-- PROBLEM STATEMENT --
Every line in the data below has to be repeated exactly; no picture belongs in the result.

-- GIVEN DATA --
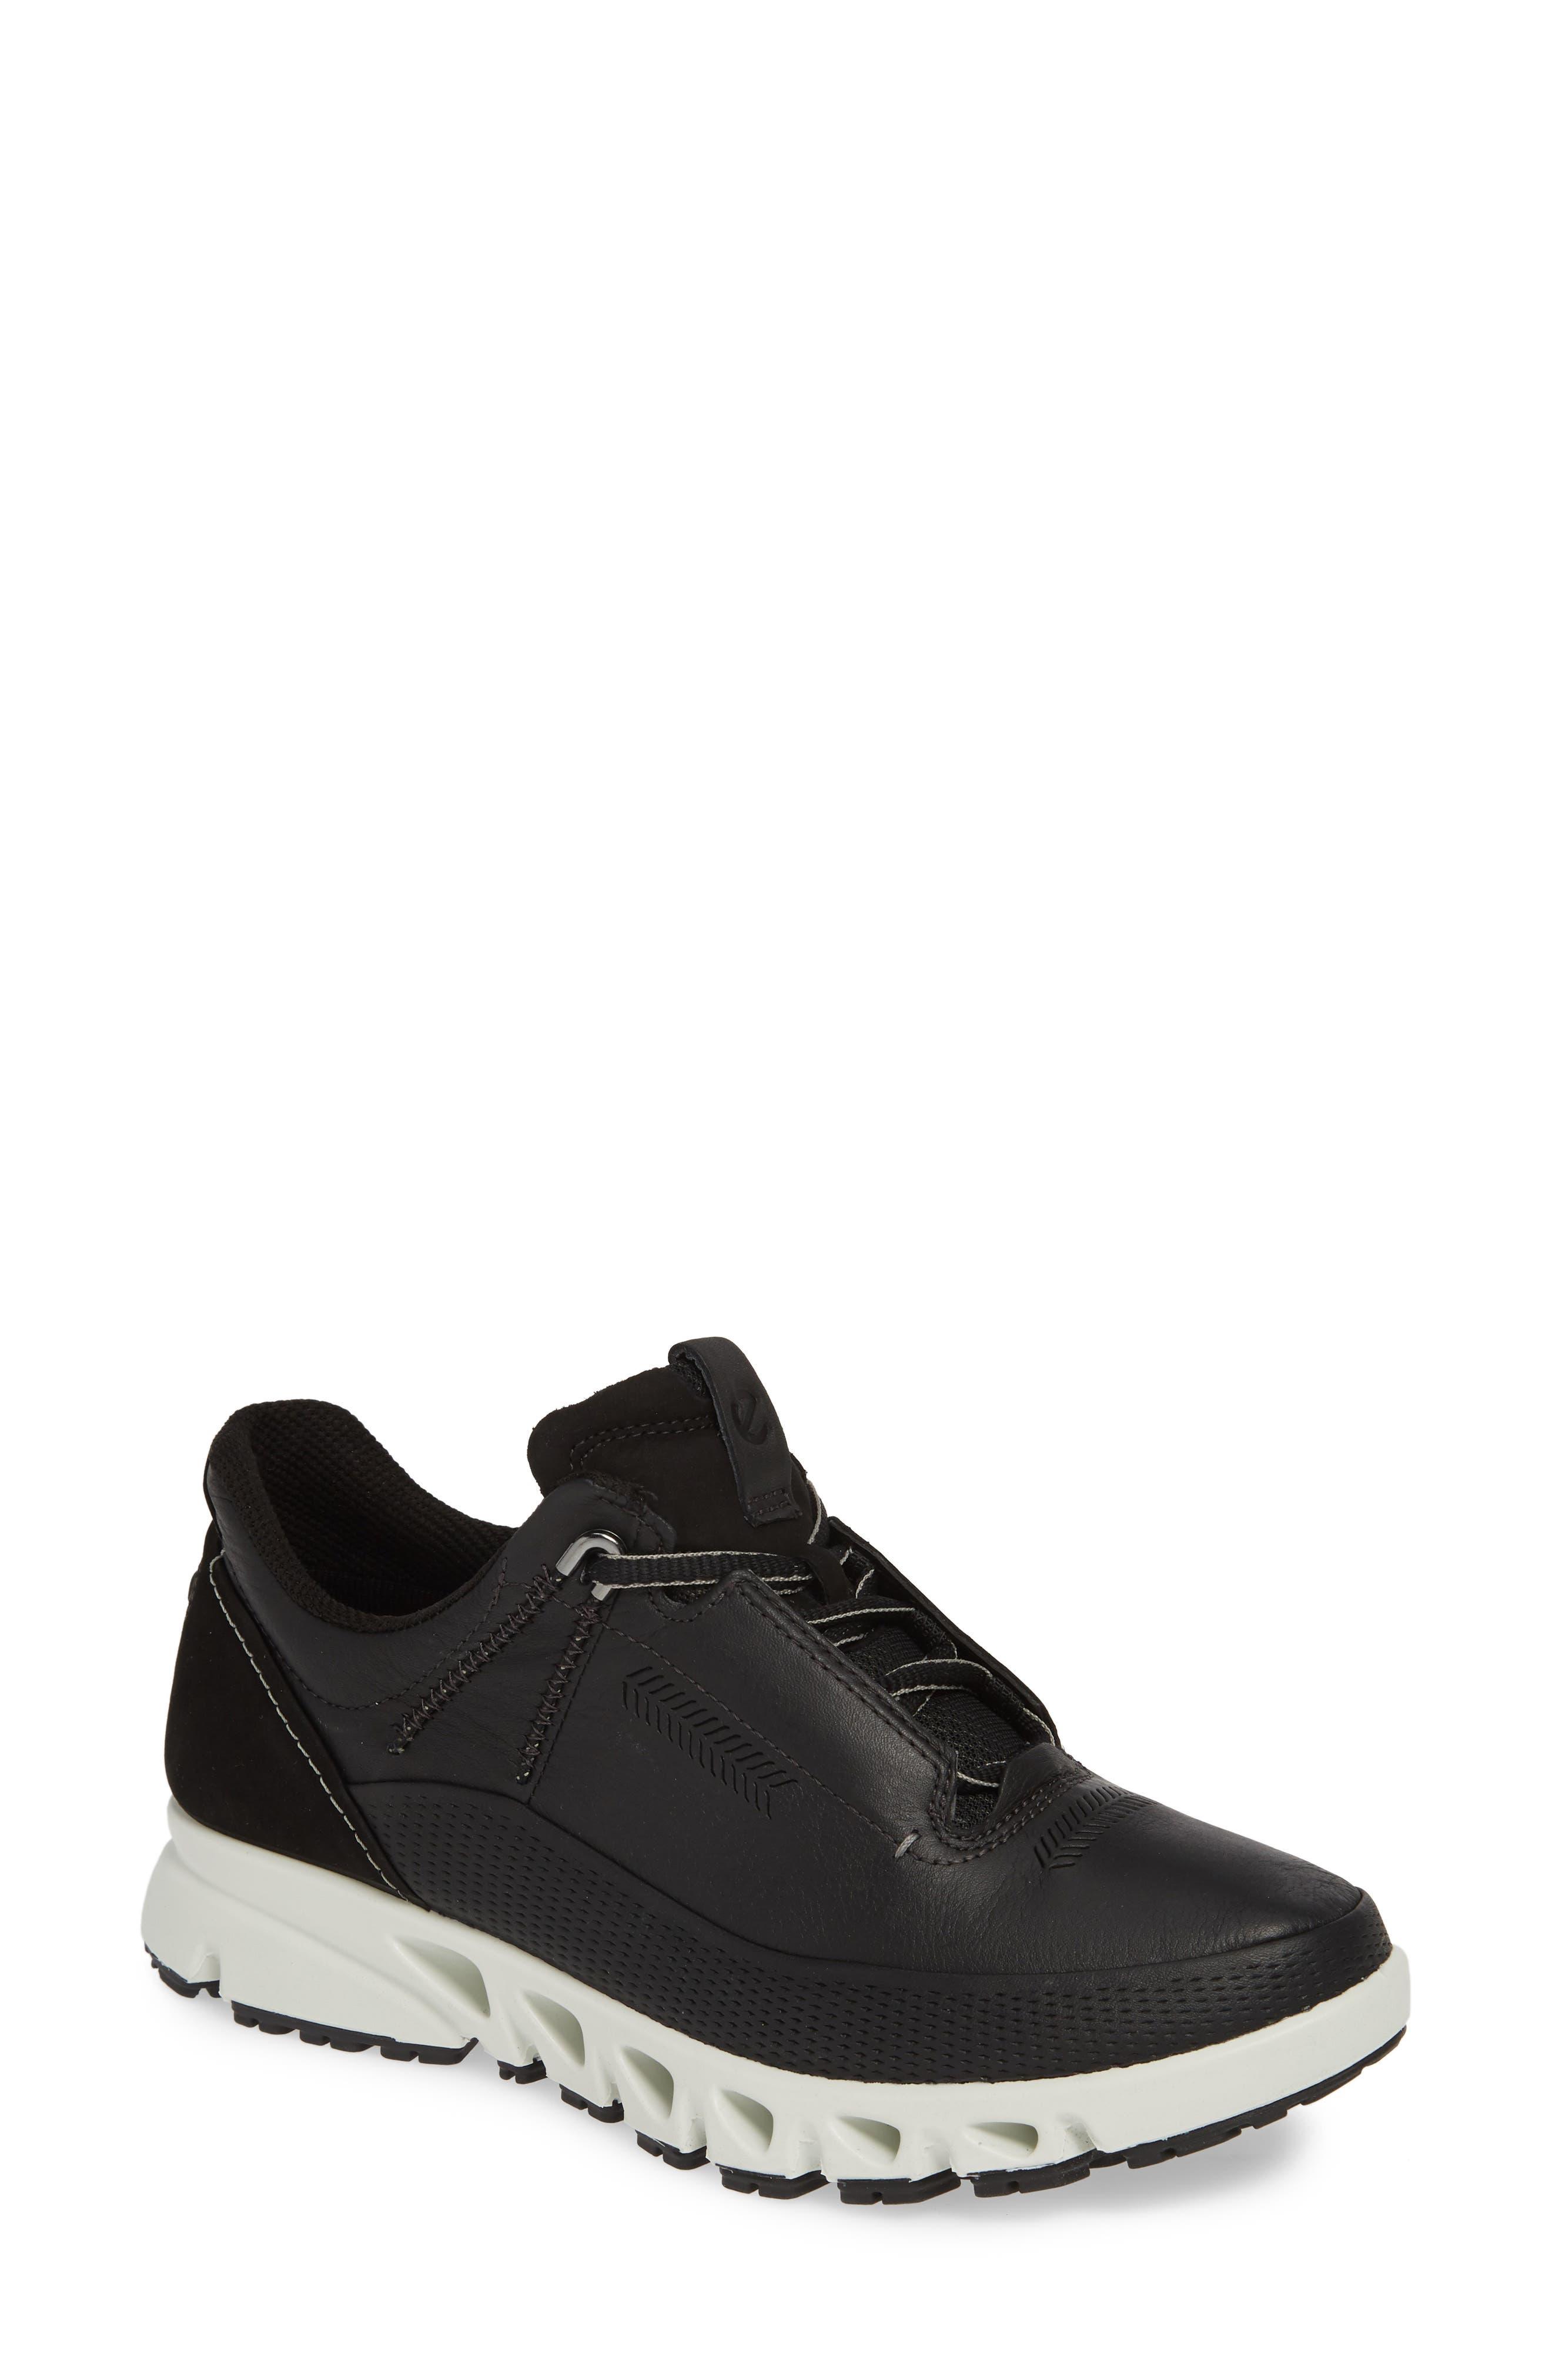 Ecco Omni-Vent Gore-Tex Waterproof Sneaker, Black
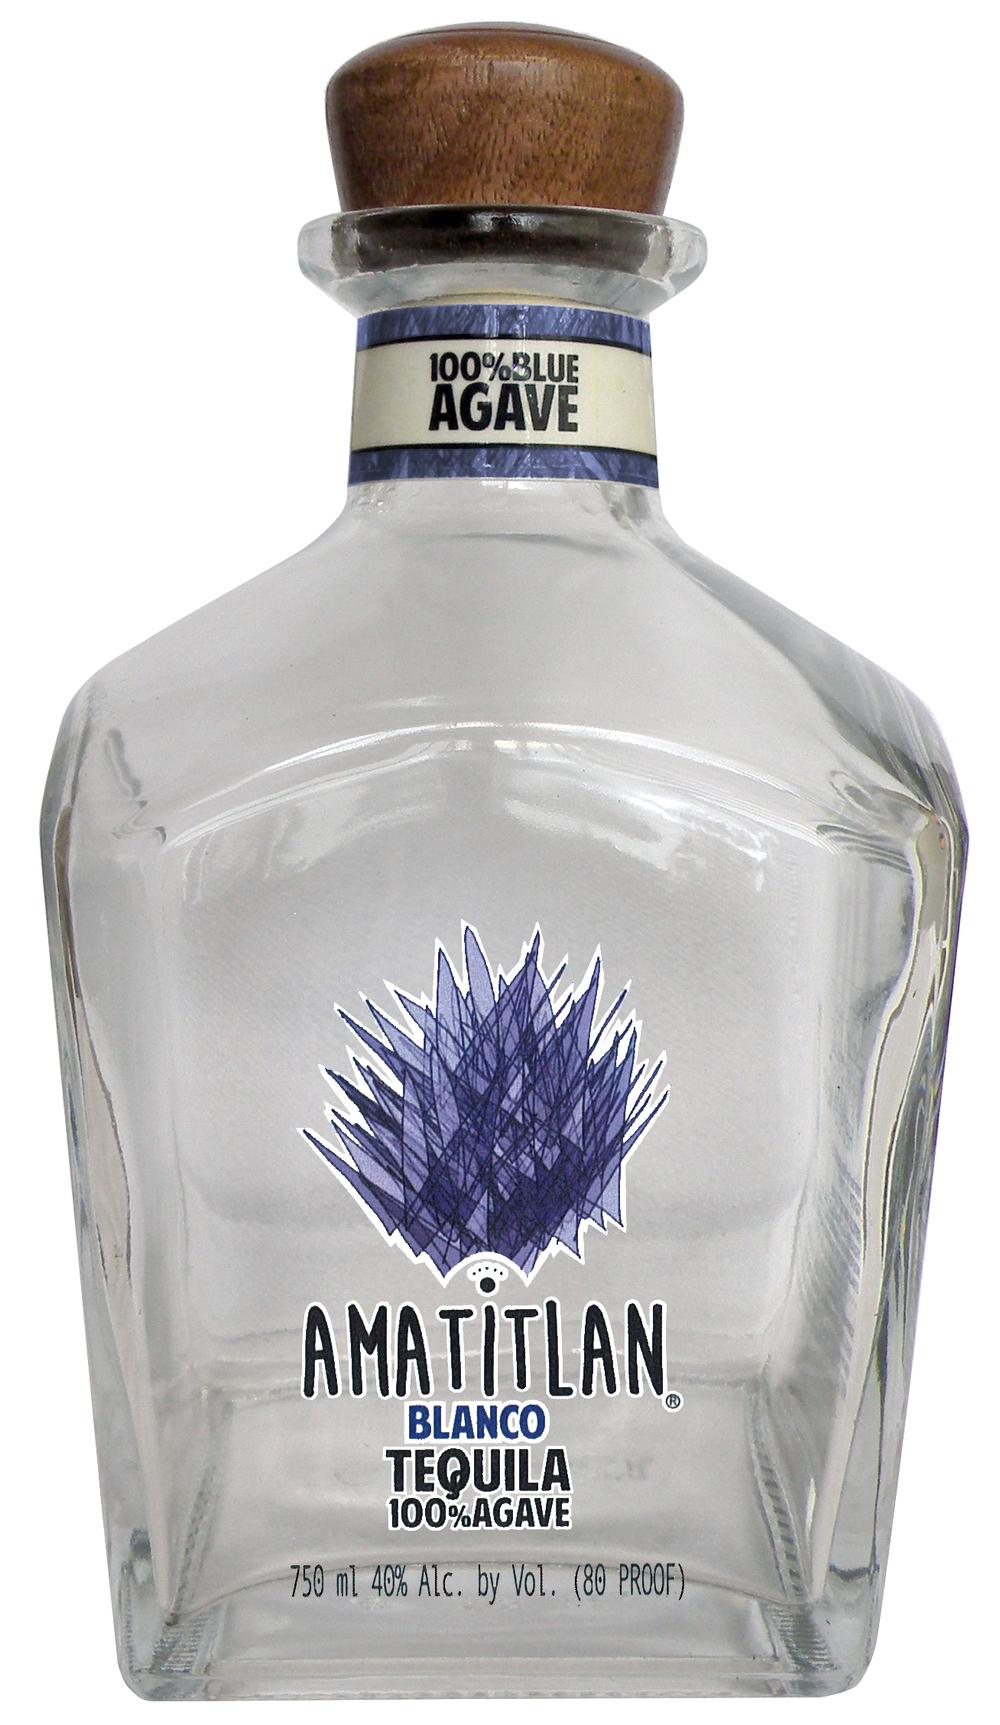 Tequila Amatitlan Blanco 750 ml £43.20
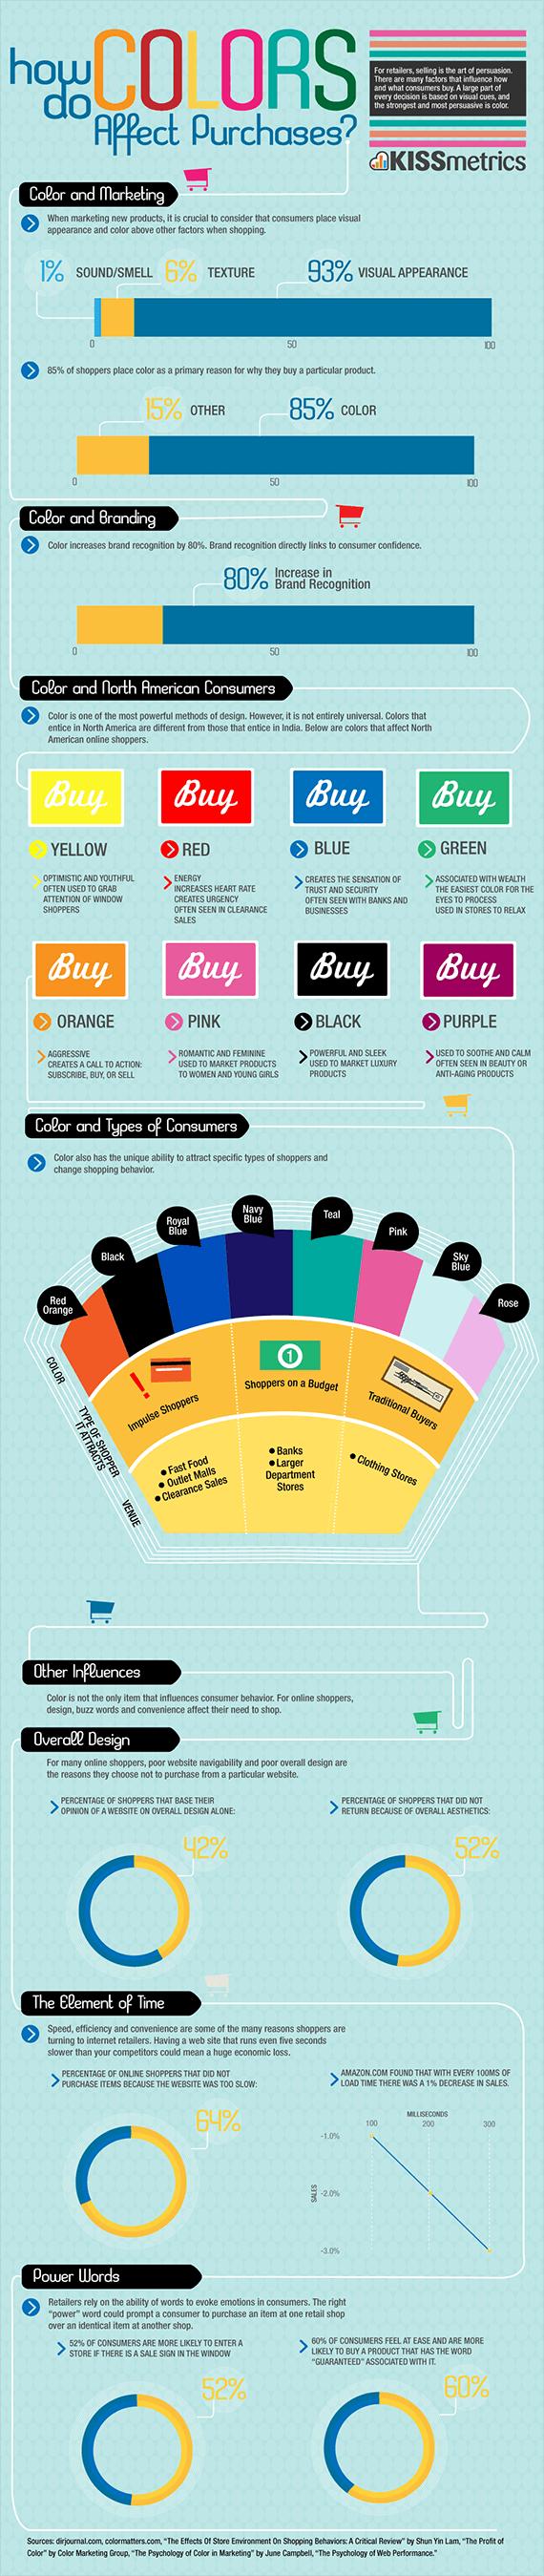 I colori e le decisioni d_acquisto infografica Kiss Metrics

-- EXERCISE RESPONSE --
 Ecco Omni-Vent Gore-Tex Waterproof Sneaker, Black
 Tequila Amatitlan Blanco 750 ml £43.20
 I colori e le decisioni d_acquisto infografica Kiss Metrics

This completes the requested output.